In this work, we have developed electrodeposited Fe2O3 nanoparticle as an effective platform for the electrocatalytic oxidation of catecholamines. To the best of our knowledge, no study has been published so far reporting the electroanalytical applications of electrodeposited Fe2O3 nanoparticles as sensors for determination of catecholamines. The experimental results indicate that modified electrode facilitates electron transfer on surface of the electrode, reduces the overpotential, and also offers several advantages such as high repeatability and good stability. The modified electrode with Fe2O3 used for the determination of the levodopa, epinephrine, and dopamine.
Experimental
Apparatus and chemicals
The electrochemical measurements were performed with a potentiostat/galvanostat (SAMA 500, Iran). A conventional three-electrode cell was used. A saturated calomel electrode (SCE), a platinum wire, and a glassy carbon electrode modified by Fe2O3 nanoparticles were used as the reference, counter, and working electrodes, respectively. A Metrohm 781 pH/ion meter was used for pH measurements. The buffer solutions were prepared from orthophosphoric acid and its salts in the pH 7.0. All solutions were freshly prepared with double-distilled water. Analytical grade FeCl3·6H2O and all other reagents were acquired from Merck (Darmstadt, Germany).
Electrodeposition of Fe2O3 nanoparticle on GCE
In fabricating an electrochemical sensor, a GCE surface was initially polished using a slurry alumina on a polishing cloth and then rinsed with water. The modified electrode was prepared as follows: electrochemical deposition of Fe2O3 nanoparticle on GCE was carried out in a conventional three-electrode cell including a mixed aqueous solution of 5 mM FeCl3 + 5 mM NaF + 0.1 M KCl + 1 M H2O2. Electrochemical growth process was done by a potential cycling procedure, at a potential sweep rate of 100 mV s−1, from −0.5 to 0.8 V for a whole of ten cycles [22]. Fluoride was added to decrease the reduction potential of Fe3+ to Fe2+, and the KCl was used as a supporting electrolyte. There are two functions of H2O2: One is to produce OH− during the reduction process so that the pH in the immediate vicinity of the working electrode increases, aiding the electrodeposition of iron hydroxides; the other is to stabilize the dopant precursor in aqueous solution [22, 23].
Results and discussion
Characterization of the Fe2O3 nanoparticles
The response of an electrocatalyst is related to its physical morphology of its surface.

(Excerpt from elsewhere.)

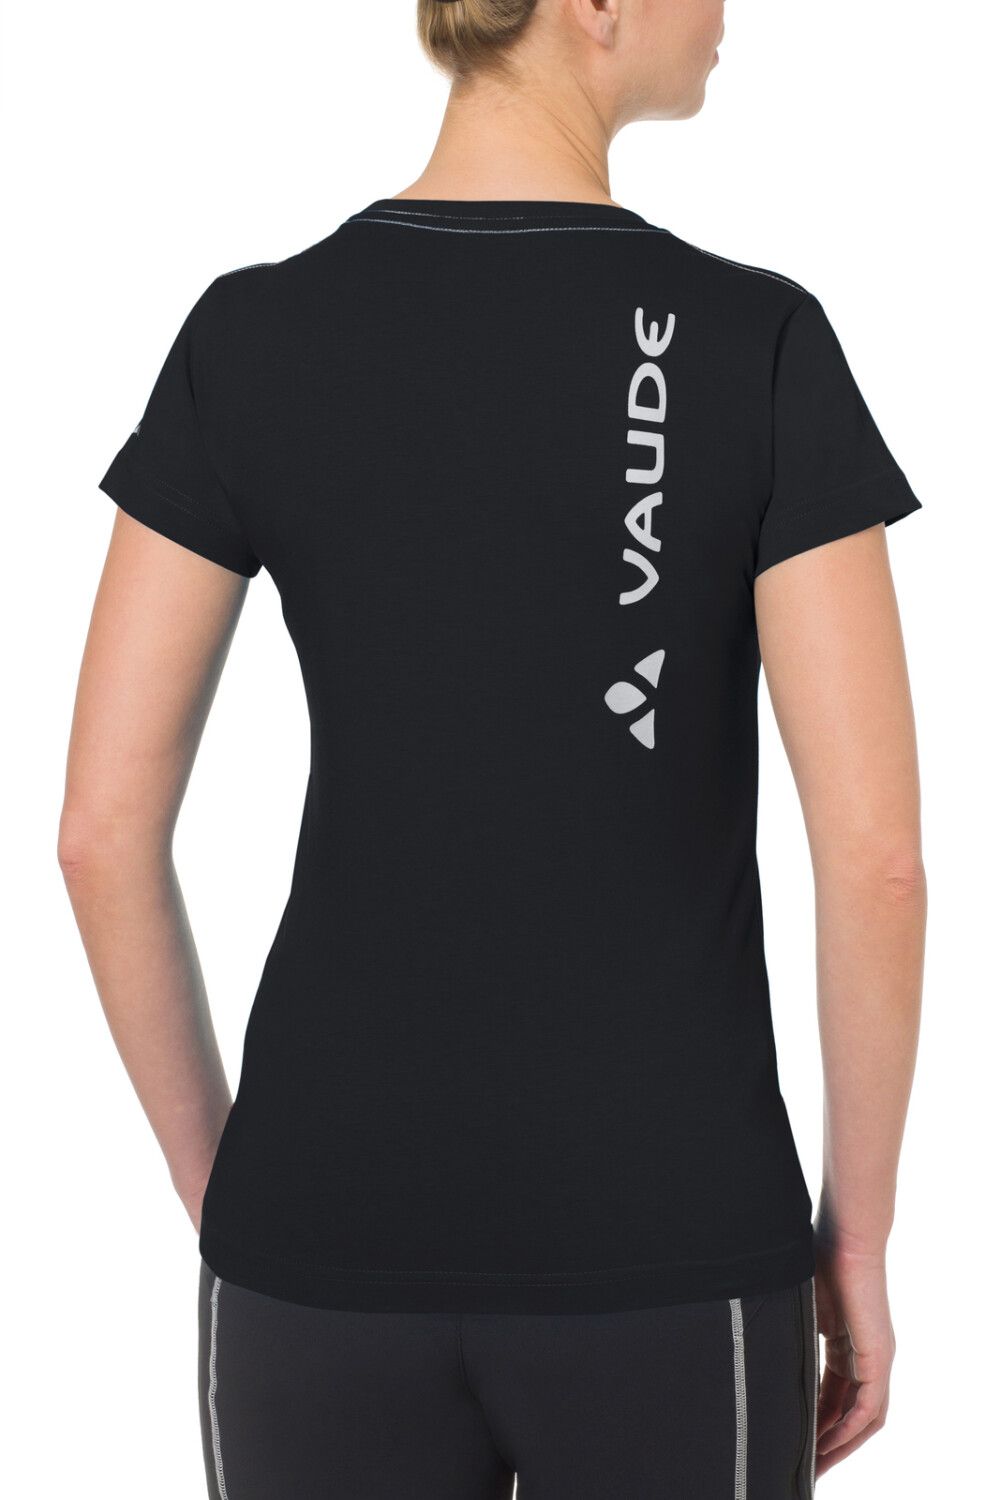 VAUDE Women's Brand Shirt (Bild 8)

Figure 1 displays the SEM images of the electrosynthesized iron oxide nanoparticles. It can be seen that the surface of modified electrode is homogeneous and the surface of the substrate is well covered.

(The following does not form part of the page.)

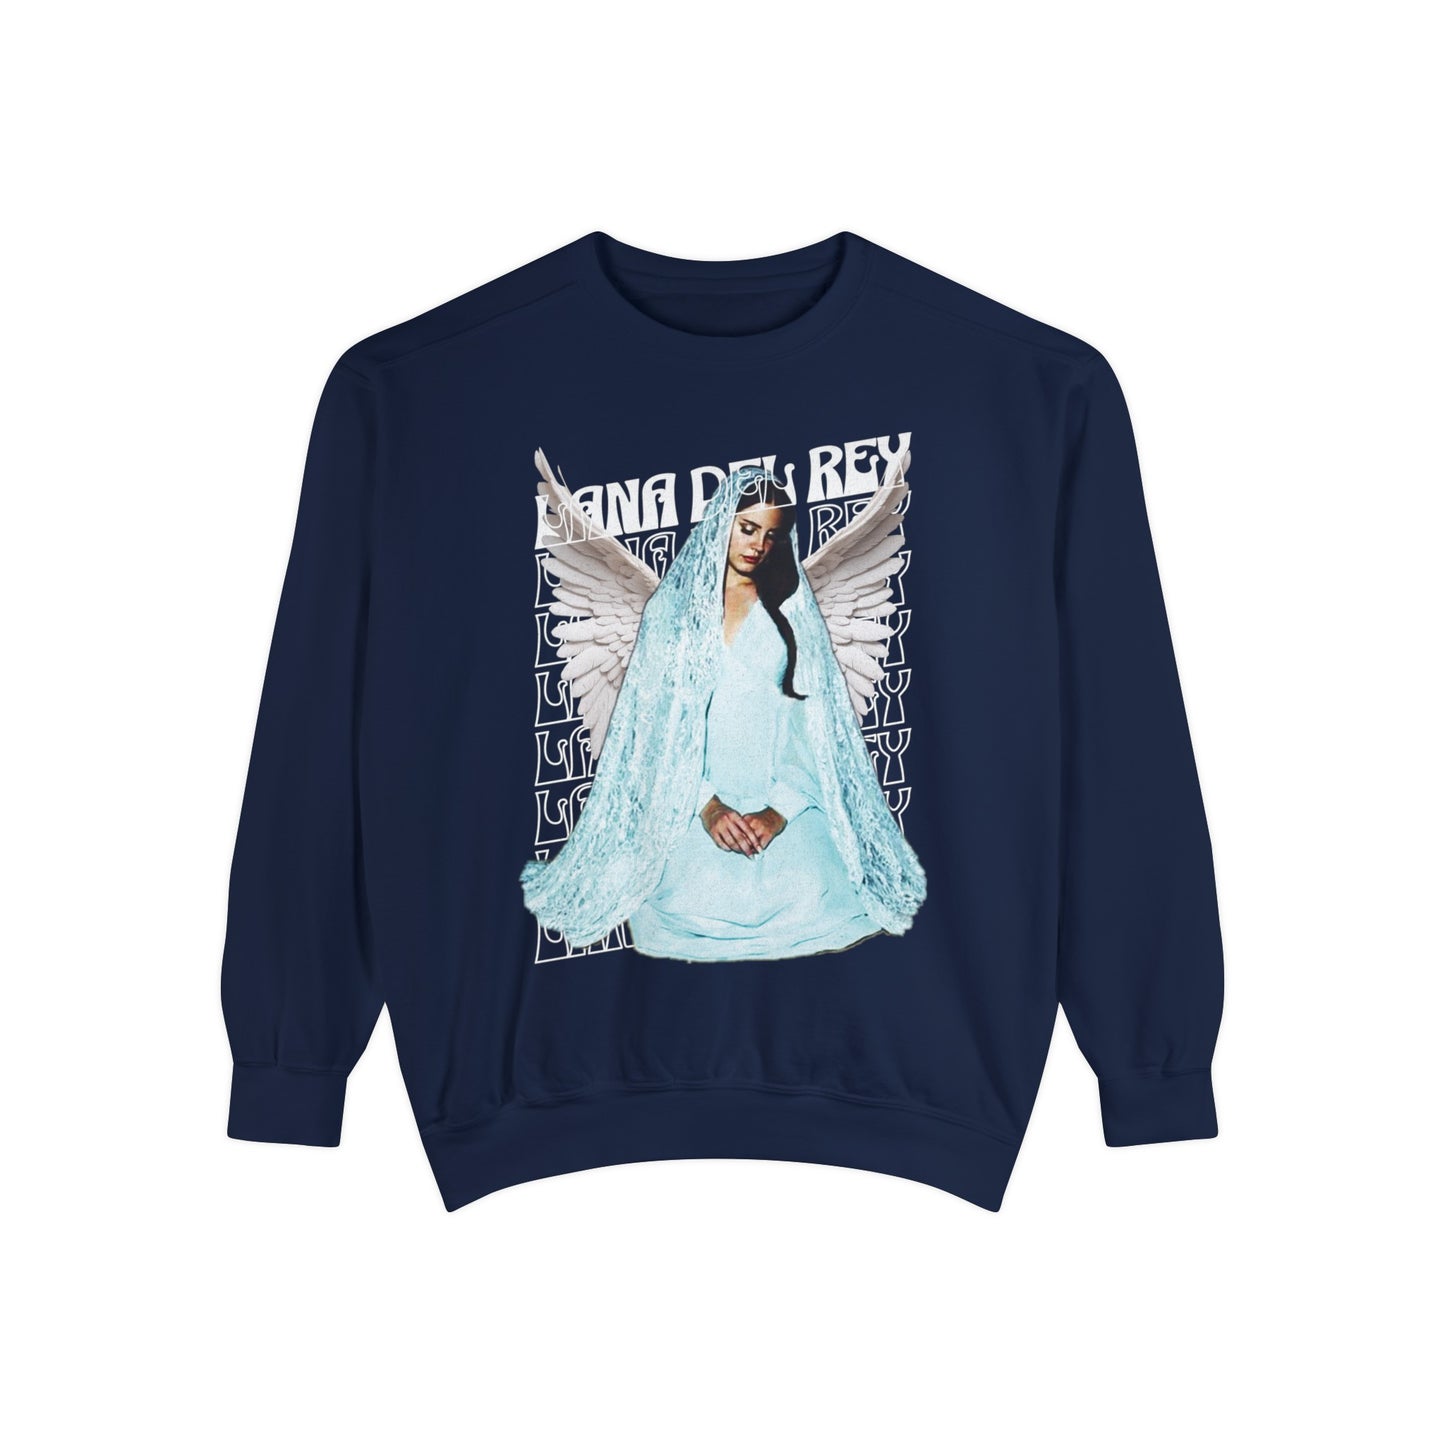 Lana Del Rey Sweatshirt True Navy

SEM image of Fe2O3 nanoparticle
Electrocatalytic oxidation of catecholamines at a Fe2O3/GCE
Cyclic voltammetry of catecholamines at a Fe2O3/GCE toward oxidation of LD, DA, and EP in 0.1 M phosphate buffer (Fig. 2) have been investigated. As can be seen, the anodic peak potential for LD, DA, and EP, oxidation at the bare GCE (curves b) are about 225, 164, and 130 mV, respectively, while the corresponding potential at Fe2O3/GCE (curves c) is 100, 118, and 120 mV, respectively. The comparison of the oxidation of catecholamines at Fe2O3/GCE (curve b) and GCE (curve a) shows an enhancement of the anodic peak current (2.9, 3.2, and 3.7 for LD, DA, and EP, respectively), which indicated that the presence of Fe2O3 nanoparticles could enhance the peak currents. Therefore, all the three peak potentials have positive shifts. These shifts in the oxidation peak potentials and the increase in the peak current in the presence of Fe2O3 nanoparticles indicate that the modified electrode plays a catalytic effect on the oxidation of catecholamines. This electrocatalytic effect was attributed to the fine dispersion, nanometer size, large accessible surface per volume, and low resistance, for electron transfer between catecholamines and the modified electrode which results in the improvement on the electrochemical response.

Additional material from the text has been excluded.